Peter Altman: HF2 is still early. The thing you should ask for HF 2 is what is the enrollment – what is the month-by-month enrollment? What’s happening? How are sites being onboarded and so on and so forth. So – and we’re working through that. Some of the latest things that have happened with research funding in the United States have had an interesting repercussion on clinical sites in the United States. So we do intend to bring the wonderful team we had in Canada back online. And we may also seek to advance CardiAMP Heart Failure II in Europe. So stay tuned. There’s going to be a lot that goes on. Now that much of this project on Heart Failure I has been completed, there’ll be a lot more momentum on CardiAMP Heart Failure II ahead.
James Molloy: Okay. Thank you very much for taking the questions.
Peter Altman: I appreciate, Jim, you have a wonderful day.

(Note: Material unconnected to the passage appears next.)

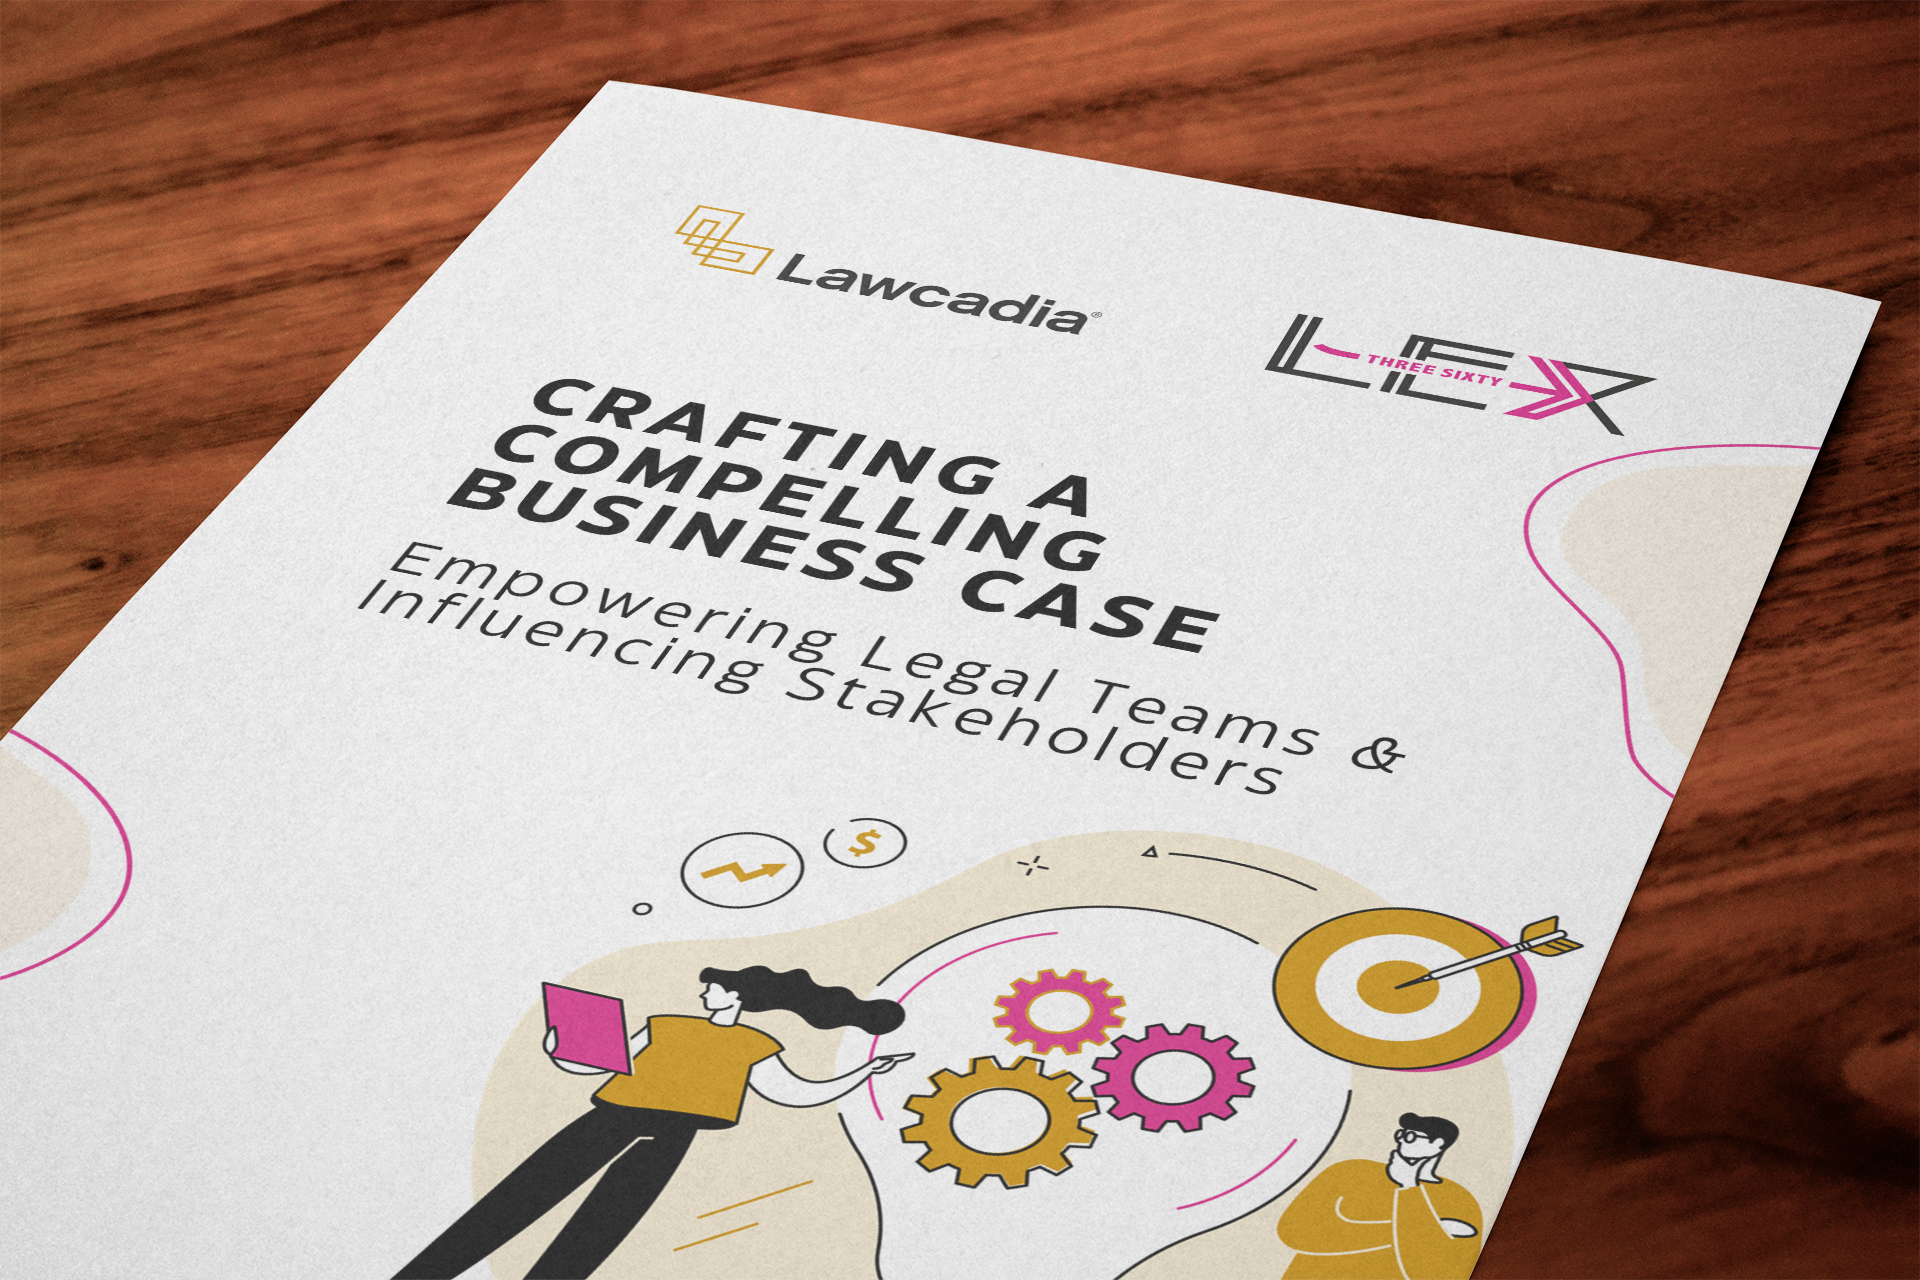 The importance of crafting a compelling business case

Operator: This will conclude our question-and-answer session. I would like to turn the conference back over to Peter Altman for any closing remarks.
Peter Altman: Thank you, Wyatt. So I just want to have everybody be aware that we’re developing therapies here at BioCardia. And the results released this morning show we have a strong signal of a sustained benefit with no safety concerns in our lead therapeutic candidate for an enormous unmet clinical need. I respect investor desire to be approved and commercial as soon as possible, and we are doing the good work to get us there. The data today was actually good data. And hopefully, we’ll see that to the finish line. I thank everybody for their continued support, and I wish you a great day ahead. Thank you very much.
Operator: The conference has now concluded. Thank you for attending today’s presentation. You may now disconnect.